**** Supplied entries

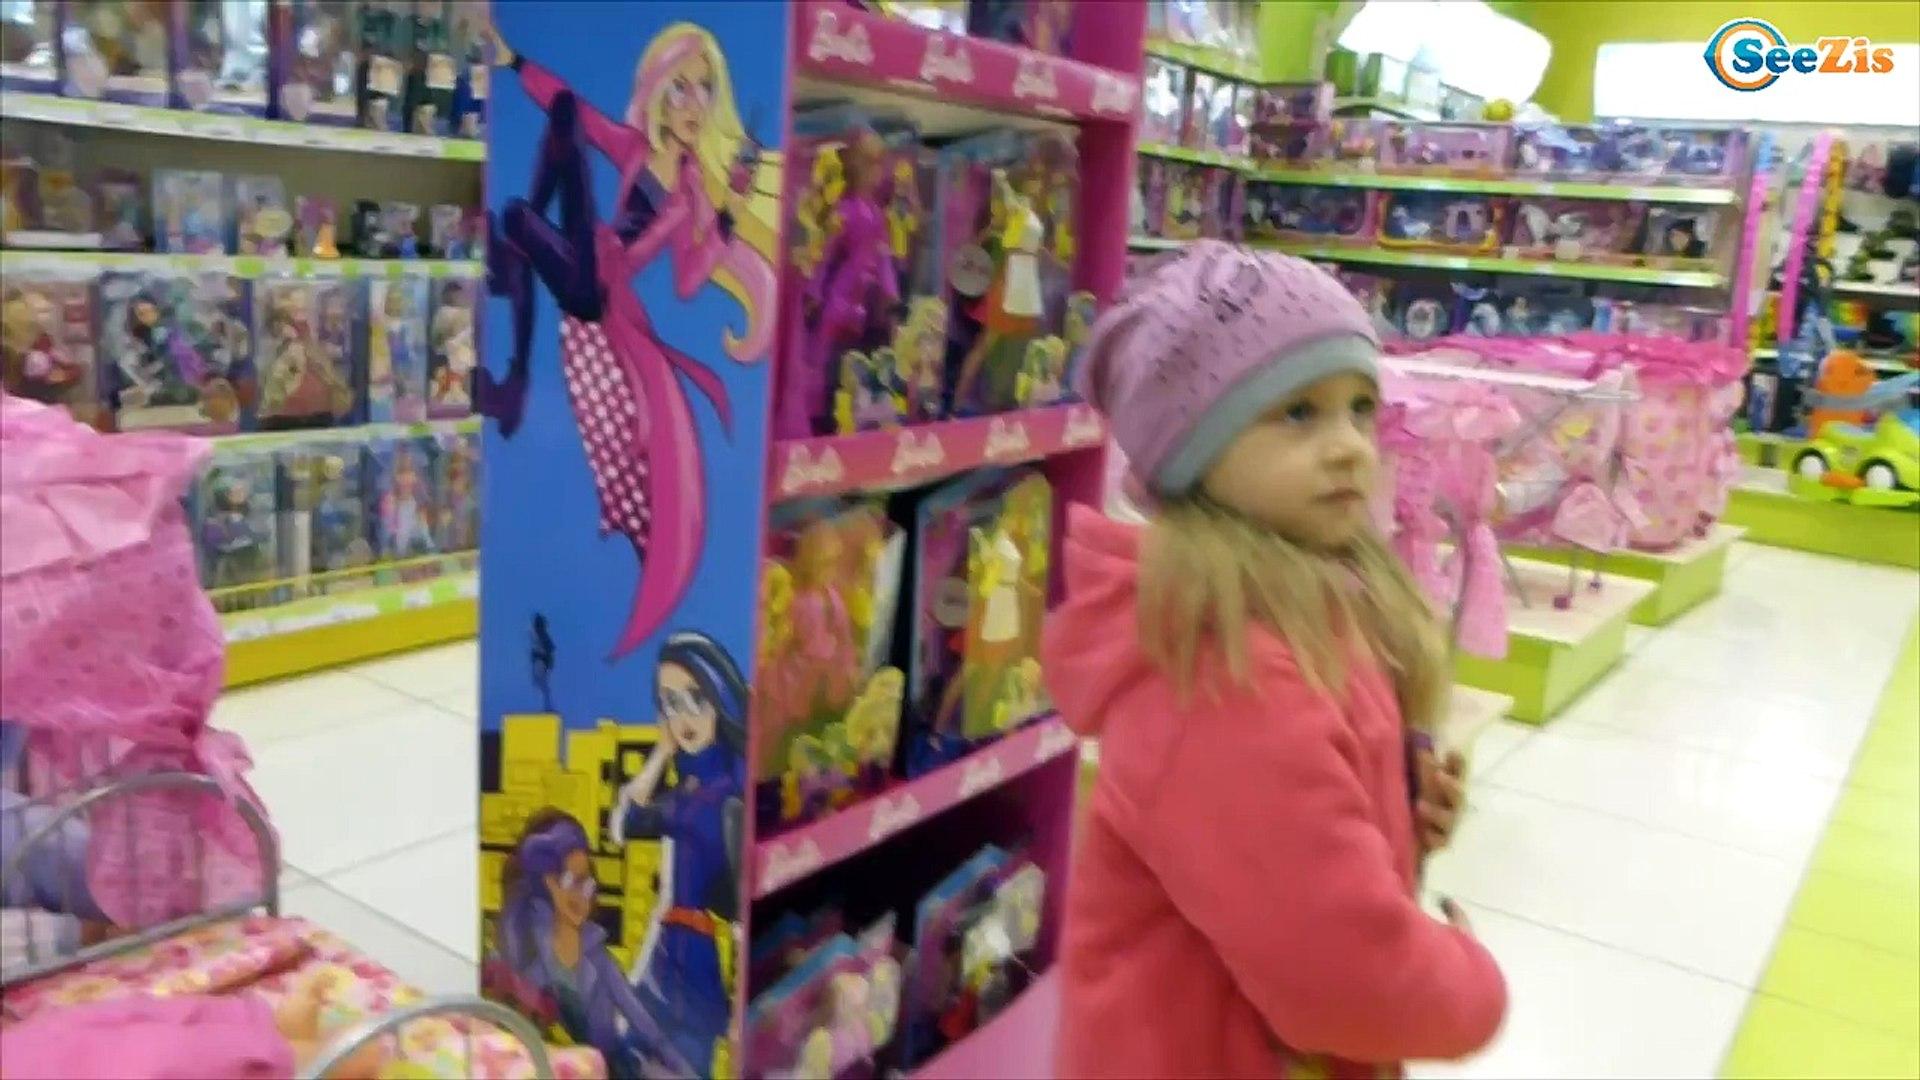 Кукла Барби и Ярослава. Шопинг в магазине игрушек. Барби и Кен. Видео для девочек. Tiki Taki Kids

********
**** Supplied entries

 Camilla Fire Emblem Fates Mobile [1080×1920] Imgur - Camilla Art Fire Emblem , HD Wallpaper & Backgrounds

********
**** Supplied entries

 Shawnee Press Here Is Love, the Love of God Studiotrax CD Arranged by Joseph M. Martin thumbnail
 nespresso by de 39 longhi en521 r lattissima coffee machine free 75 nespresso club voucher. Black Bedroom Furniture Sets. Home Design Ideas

********

Exercise goal. Retype exactly the lines of the data above that fall between the line with "Shawnee Press Here" and the line with "nespresso by de", inclusive, and add nothing.

Output.
 Shawnee Press Here Is Love, the Love of God Studiotrax CD Arranged by Joseph M. Martin thumbnail
 nespresso by de 39 longhi en521 r lattissima coffee machine free 75 nespresso club voucher. Black Bedroom Furniture Sets. Home Design Ideas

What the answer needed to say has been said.